Department of Biostatistics, Boston University, Boston, MA, USA.
Division of Computational Biomedicine and Bioinformatics Program, Boston University, Boston, MA, USA.
BMC Infect Dis. 2024 Jun 20;24(1):610. doi: 10.1186/s12879-024-09457-z.
Blood-based transcriptional gene signatures for tuberculosis (TB) have been developed with potential use to diagnose disease. However, an unresolved issue is whether gene set enrichment analysis of the signature transcripts alone is sufficient for prediction and differentiation or whether it is necessary to use the original model created when the signature was derived. Intra-method comparison is complicated by the unavailability of original training data and missing details about the original trained model. To facilitate the utilization of these signatures in TB research, comparisons between gene set scoring methods cross-data validation of original model implementations are needed.
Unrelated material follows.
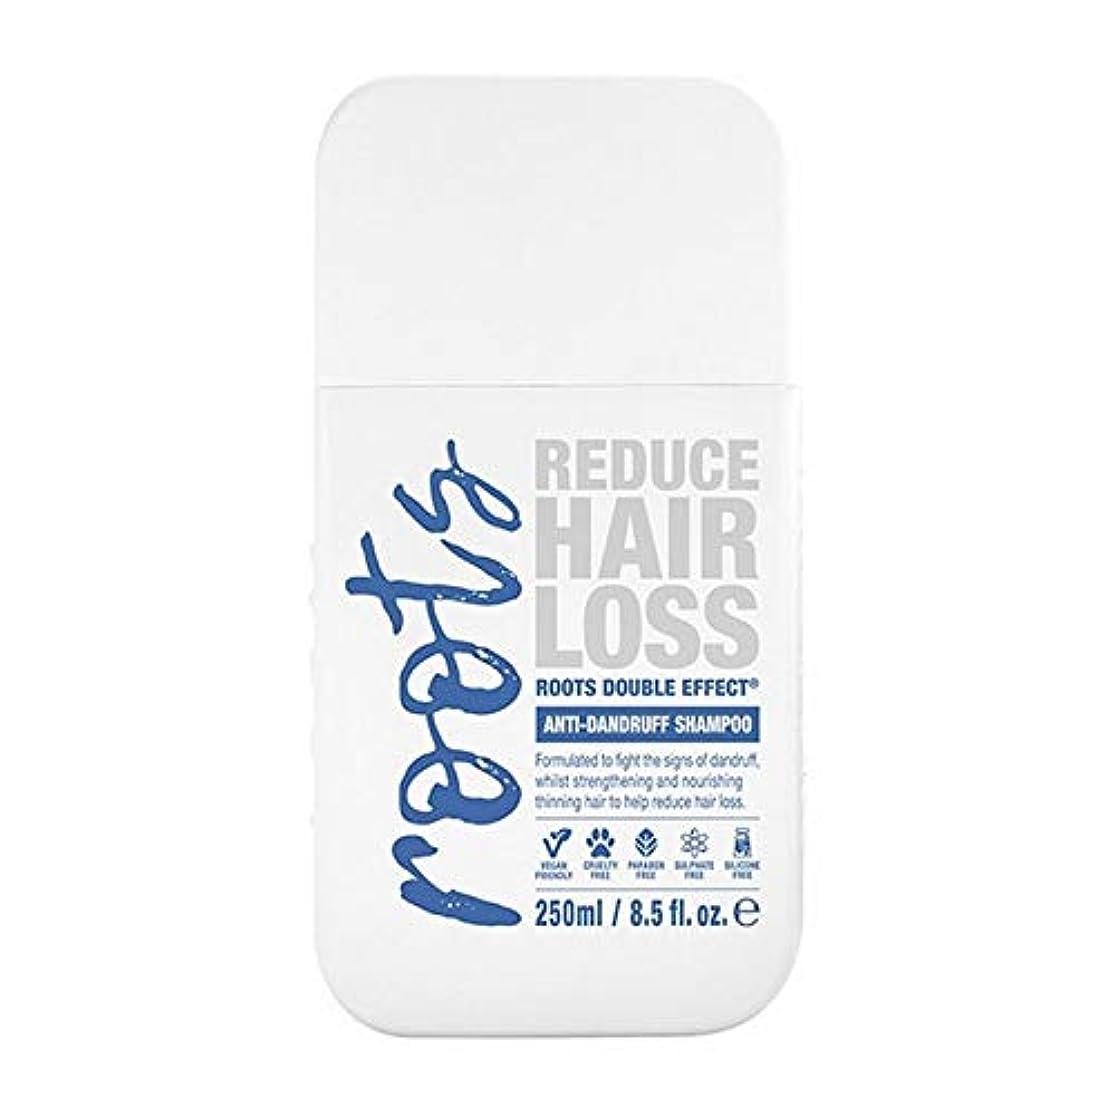 ジェームズダイソン考案する申し込む[Roots ] 根のダブル効果フケ防止シャンプー250Ml - Roots Double Effect Anti-Dandruff Shampoo 250ml [並行輸入品]

We compared the performance of 19 TB gene signatures across 24 transcriptomic datasets using both rrebuilt original models and gene set scoring methods. Existing gene set scoring methods, including ssGSEA, GSVA, PLAGE, Singscore, and Zscore, were used as alternative approaches to obtain the profile scores. The area under the ROC curve (AUC) value was computed to measure performance. Correlation analysis and Wilcoxon paired tests were used to compare the performance of enrichment methods with the original models.
For many signatures, the predictions from gene set scoring methods were highly correlated and statistically equivalent to the results given by the original models. In some cases, PLAGE outperformed the original models when considering signatures' weighted mean AUC values and the AUC results within individual studies.
Gene set enrichment scoring of existing gene sets can distinguish patients with active TB disease from other clinical conditions with equivalent or improved accuracy compared to the original methods and models. These data justify using gene set scoring methods of published TB gene signatures for predicting TB risk and treatment outcomes, especially when original models are difficult to apply or implement.
基于血液的转录基因特征已被开发用于结核病(TB)诊断,具有潜在的应用价值。然而,一个悬而未决的问题是,仅对特征转录本进行基因集富集分析是否足以进行预测和区分,还是有必要使用特征创建时使用的原始模型。由于无法获得原始训练数据以及原始训练模型的详细信息,因此内部方法比较变得复杂。为了促进这些特征在结核病研究中的应用,需要对跨数据的原始模型实现的基因集评分方法进行比较。
我们使用重新构建的原始模型和基因集评分方法比较了 19 个 TB 基因特征在 24 个转录组数据集上的性能。使用了现有的基因集评分方法,包括 ssGSEA、GSVA、PLAGE、Singscore 和 Zscore,作为获得特征评分的替代方法。计算了 ROC 曲线下的面积(AUC)值来衡量性能。使用相关分析和 Wilcoxon 配对检验比较了富集方法与原始模型的性能。
对于许多特征,基因集评分方法的预测结果与原始模型高度相关且在统计学上等效。在某些情况下,当考虑特征的加权平均 AUC 值和个体研究中的 AUC 结果时,PLAGE 优于原始模型。
与原始方法和模型相比,现有基因集的基因集富集评分可以以相当或更高的准确性区分活动性结核病患者与其他临床情况。这些数据证明,使用已发表的 TB 基因特征的基因集评分方法来预测 TB 风险和治疗结果是合理的,尤其是在原始模型难以应用或实施的情况下。